Morley's Trisector Theorem

Theorem

Let $\triangle ABC$ be a triangle.

Let the internal angles of $\triangle ABC$ be trisected.

Let the points where these angle trisectors first intersect be $D$, $E$ and $F$.


Then $\triangle EDF$ is equilateral.


Dijkstra's Proof

Choose angles $\alpha$, $\beta$ and $\gamma$ all greater than $0$ such that $\alpha + \beta + \gamma = 60 \degrees$.

Draw an equilateral triangle $\triangle XYZ$.


Construct $\triangle AXY$ and $\triangle BXZ$ with the angles as indicated:


We have that:

\(\ds \angle AXY\) \(=\) \(\ds 60 \degrees + \beta\)
\(\ds \angle AYX\) \(=\) \(\ds 60 \degrees + \gamma\)
\(\ds \angle BXZ\) \(=\) \(\ds 60 \degrees + \alpha\)
\(\ds \angle BZX\) \(=\) \(\ds 60 \degrees + \gamma\)


Because $\angle AXB = 180 \degrees - \paren {\alpha + \beta}$ , it follows that:

if $\angle BAX = \alpha + x$ then $\angle ABX = \beta - x$

Using the Sine Rule $3$ times, in $\angle AXB$, $\angle AXY$ and $\angle BXZ$, we have:

\(\ds \dfrac {\map \sin {\alpha + x} } {\map \sin {\beta - x} }\) \(=\) \(\ds \dfrac {BX} {AX}\)
\(\ds \) \(=\) \(\ds \dfrac {XZ \map \sin {60 \degrees + \gamma} / \sin \beta} {XY \map \sin {60 \degrees + \gamma} / \sin \alpha}\)
\(\ds \) \(=\) \(\ds \dfrac {\sin \alpha} {\sin \beta}\)

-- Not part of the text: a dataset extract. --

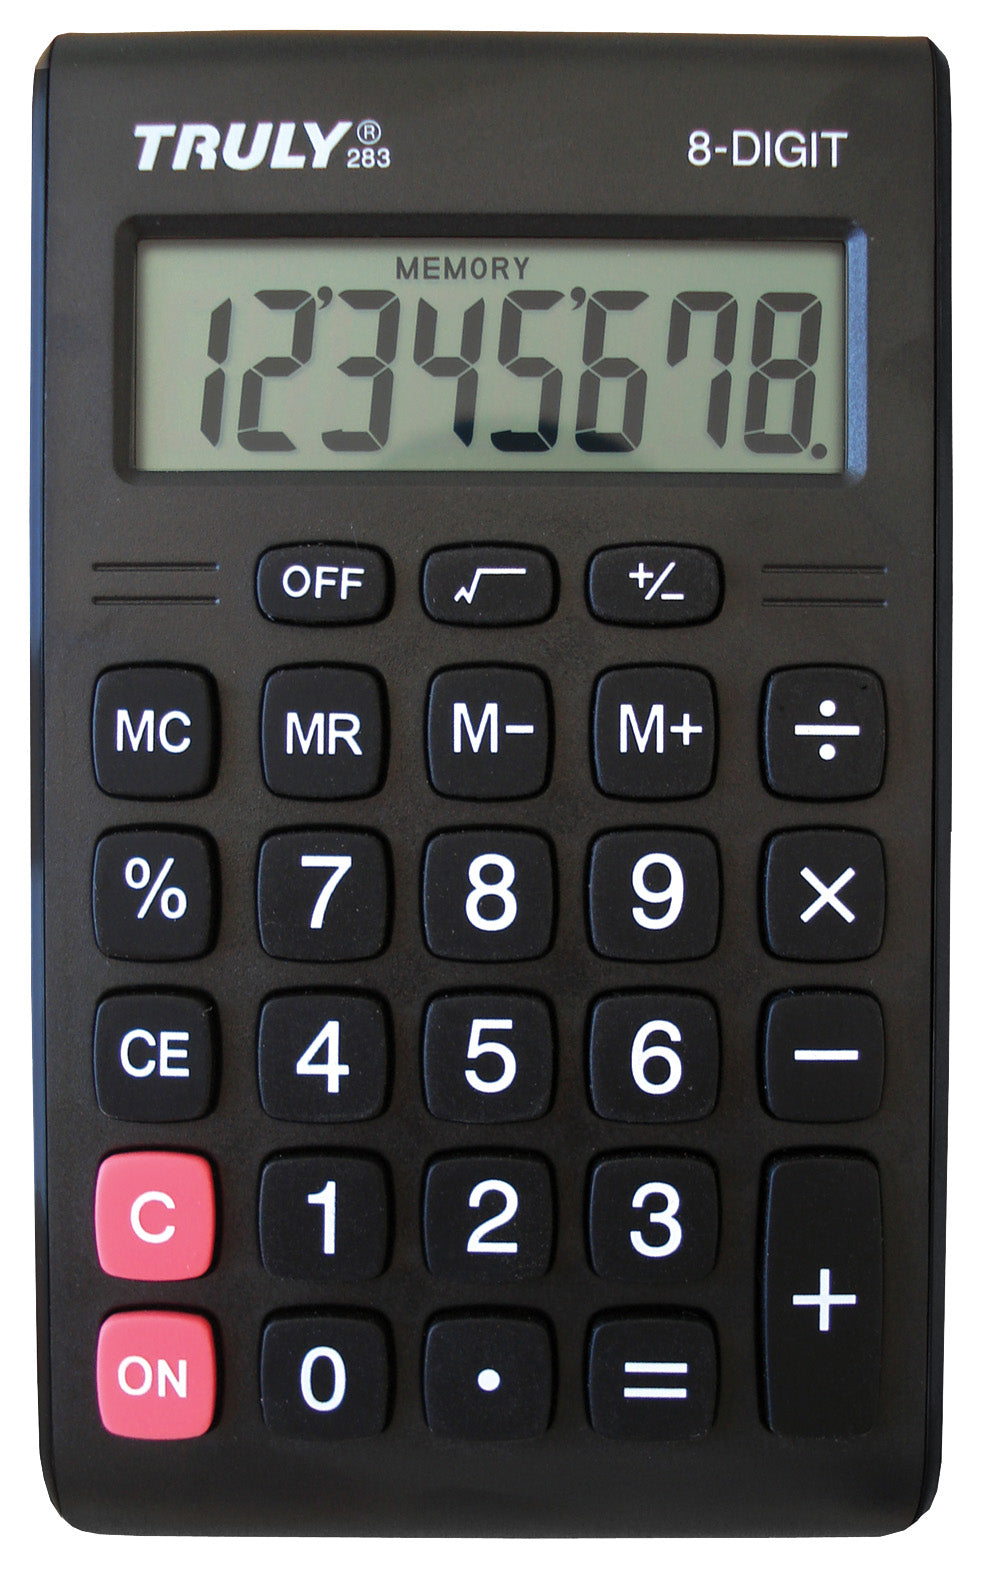 Truly 283 - 8 Digit Pocket Calculator Battery

In the range in which these angles lie, the left hand side of the above is a strictly increasing function of $x$.

Thus we conclude that $x = 0$.

The result follows.

$\blacksquare$


Proof 2

By comparing the given triangle $\triangle A'B'C'$ with the constructed triangle $\triangle ABC $, we shall prove that $\triangle X'Y'Z' \sim \triangle XYZ$ where $\triangle XYZ$ is an equilateral triangle.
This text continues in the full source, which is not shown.